9. The apparatus of claim 8, wherein the avatar generation module includes:

the facial gesture feature determination submodule is used for obtaining facial gesture features according to the voice features of the target voice data;

the gesture splitting characteristic determining submodule is used for performing characteristic splitting on the facial gesture characteristics to obtain a plurality of split gesture characteristics;

a facial parameter determination sub-module to determine facial parameters based on the plurality of pose split features; and

and the first avatar generation submodule is used for generating the avatar according to the facial parameters.

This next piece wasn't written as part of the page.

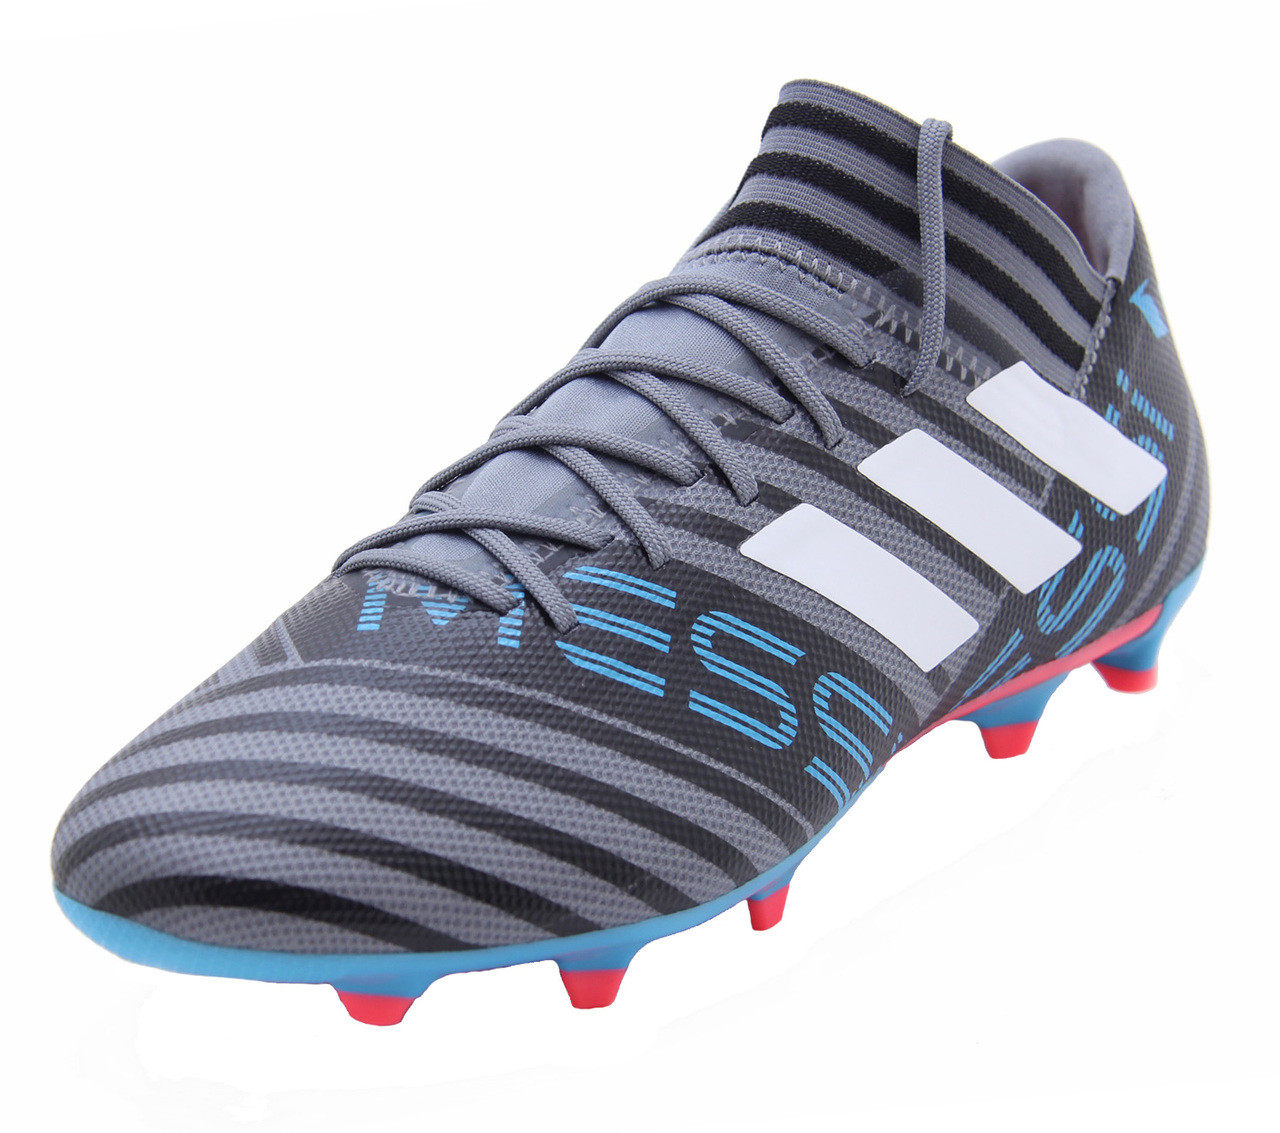 86744b41c40 Adidas Nemeziz Messi 17.3 FG - Grey White Core Black (011918) - ohp soccer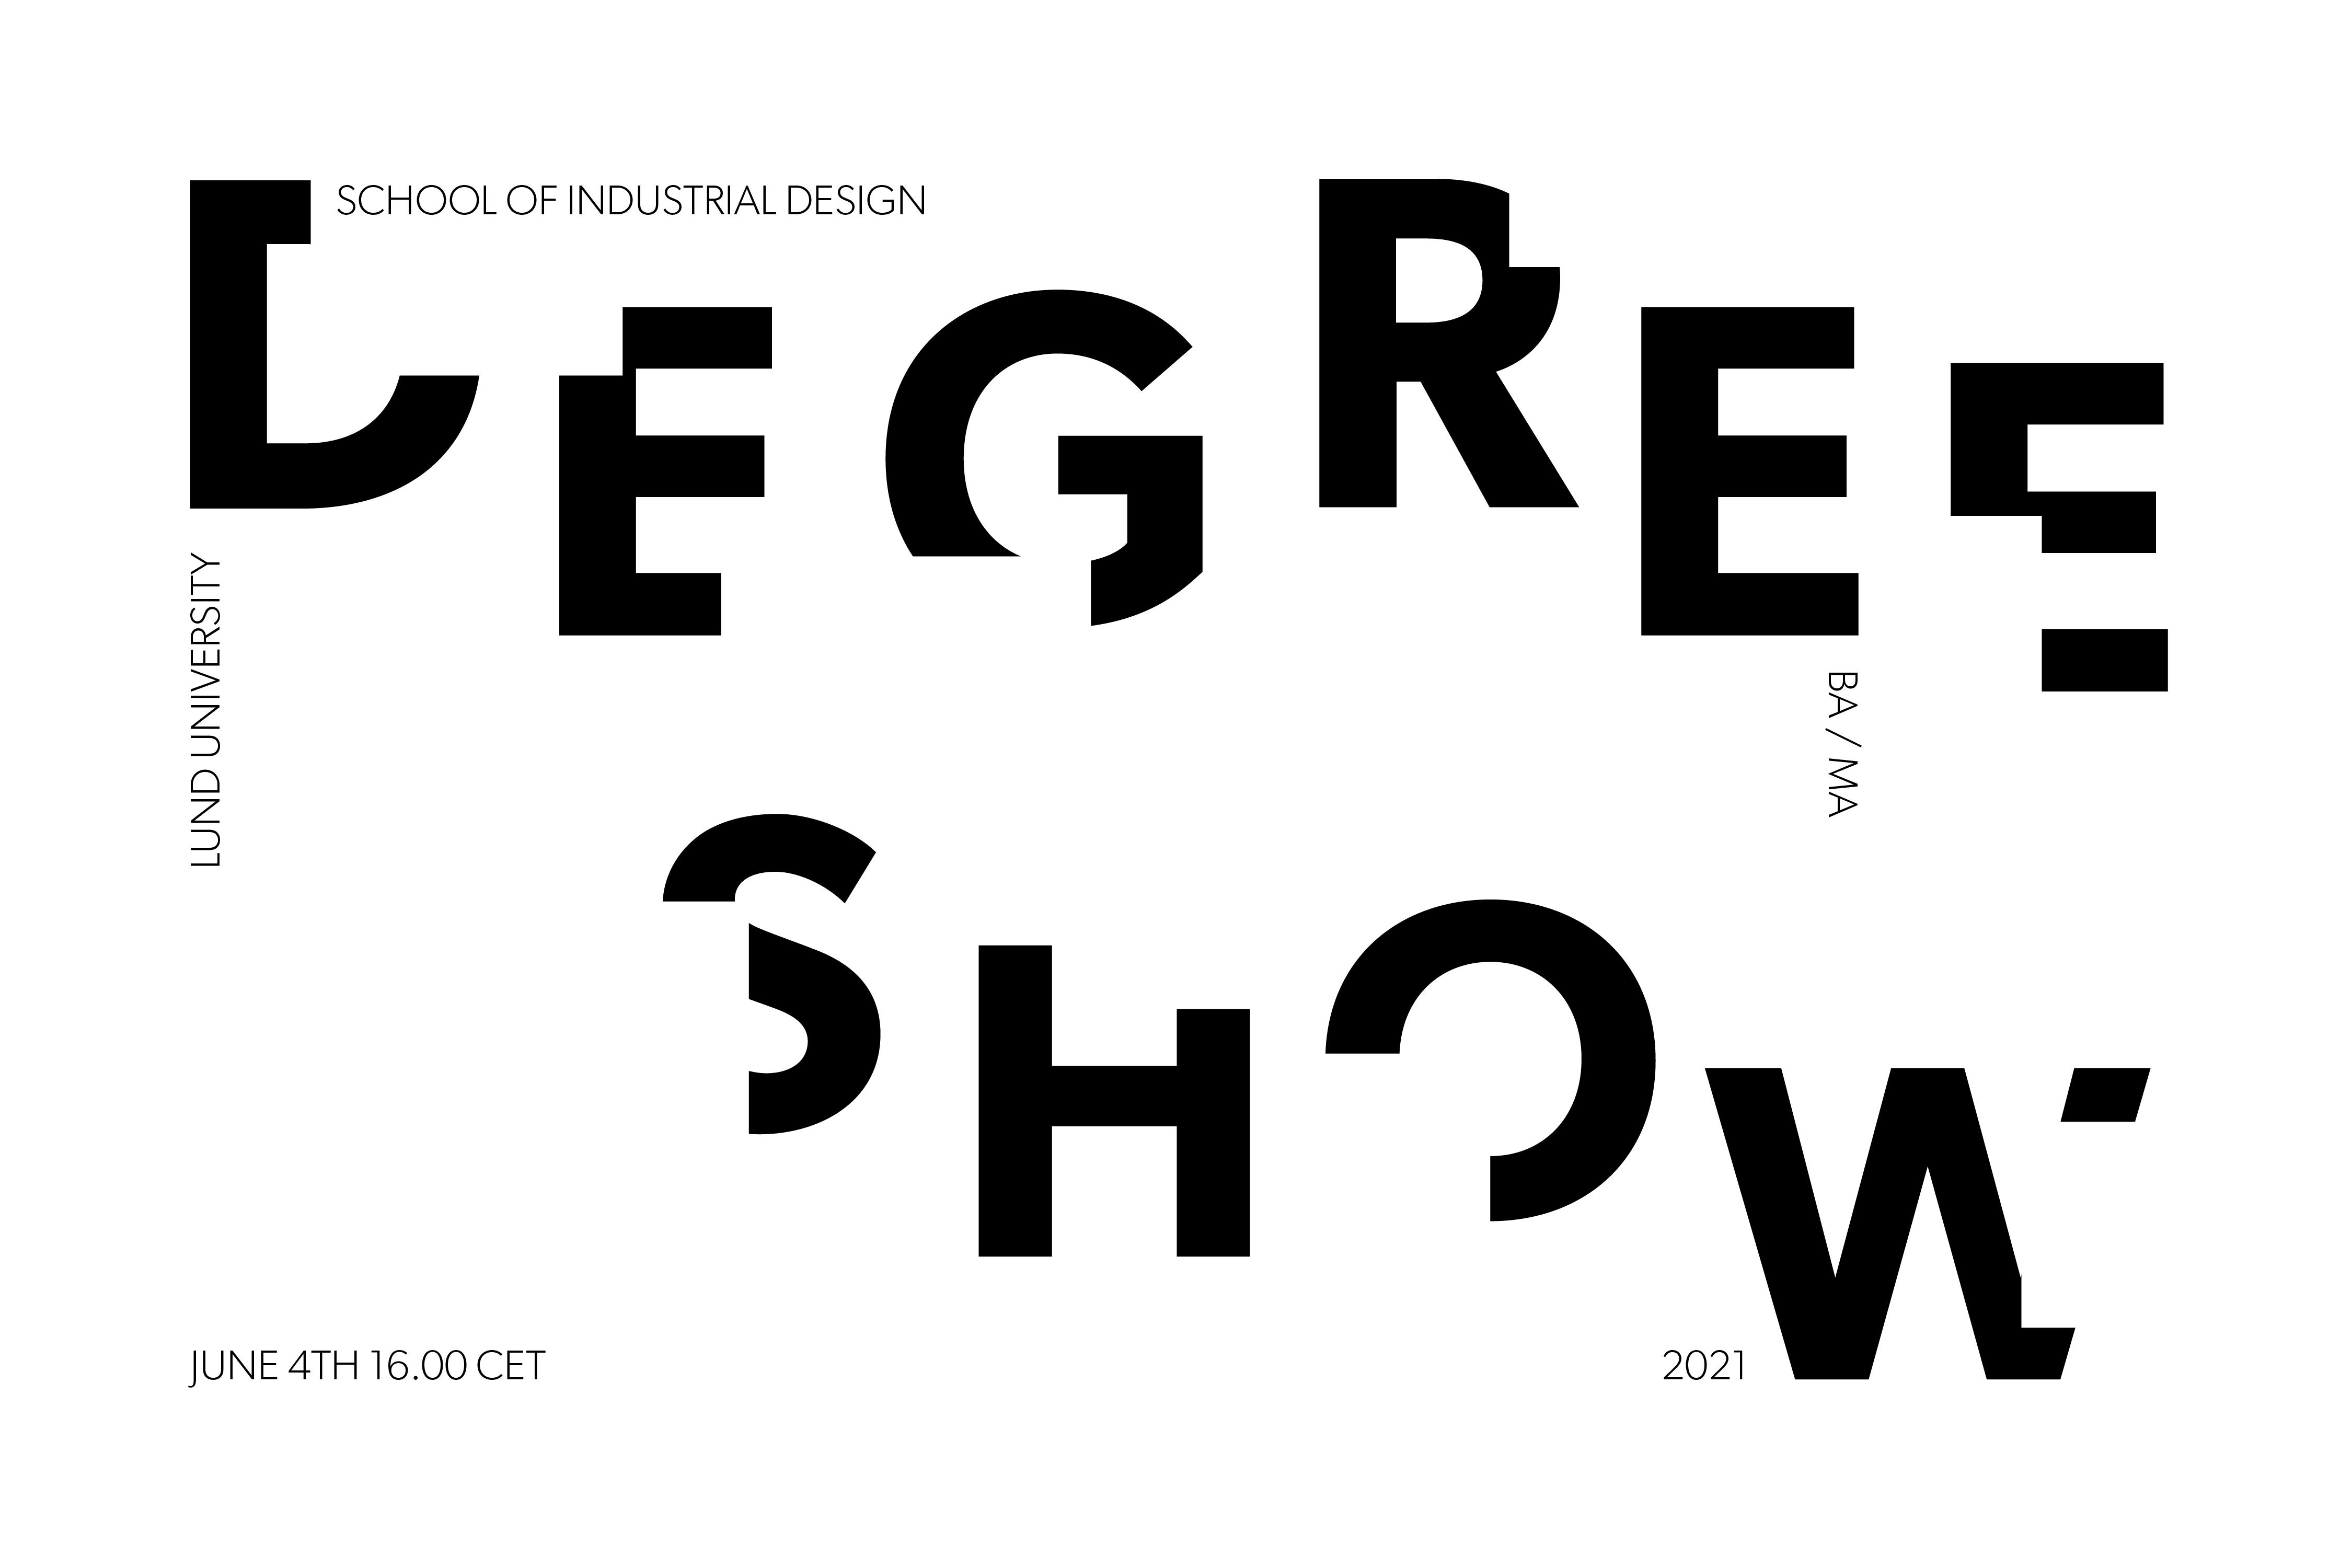 BA/MA Degree Show 2021 - June 4th 16.00 CET

10. The apparatus of claim 9, wherein the facial parameter determination sub-module comprises:

a split feature correlation parameter determination unit, configured to determine a split feature correlation parameter based on the plurality of posture split features, where the split feature correlation parameter is used to characterize correlations between the plurality of posture split features; and

and the facial parameter determining unit is used for determining the facial parameters according to the split feature correlation parameters and the facial posture features.

11. The apparatus of claim 9, wherein the facial pose feature determination sub-module comprises:

a phoneme feature determining unit, configured to obtain a phoneme feature according to the mel cepstrum coefficient, where the phoneme feature is used to characterize a pronunciation action unit; and

a facial pose feature determination unit for obtaining the facial pose features according to the phoneme features.

12. The apparatus of claim 9, wherein the avatar first generation submodule comprises:

an initial face model determination unit for obtaining an initial face model, wherein the initial face model is generated according to initial face parameters;

a target face module determining unit, configured to update initial face parameters of the initial face model according to the face parameters, and generate a target face model; and

an avatar determination unit for obtaining the avatar according to the target face model.

13. The apparatus of claim 8, the avatar determination module further comprising:

the target rhythm parameter determining submodule is used for determining a target rhythm parameter;

the rhythm adjusting submodule is used for adjusting the rhythm of the target voice data based on the target rhythm parameter to obtain the target voice data with the adjusted rhythm;

14. The apparatus of claim 13, wherein the target tempo parameter determination sub-module comprises:

15. An electronic device, comprising:

at least one processor; and

a memory communicatively coupled to the at least one processor; wherein, the first and the second end of the pipe are connected with each other,

the memory stores instructions executable by the at least one processor to enable the at least one processor to perform the method of any one of claims 1-7.

16. A non-transitory computer readable storage medium having stored thereon computer instructions for causing the computer to perform the method of any one of claims 1-7.

17. A computer program product comprising a computer program which, when executed by a processor, implements the method according to any one of claims 1-7.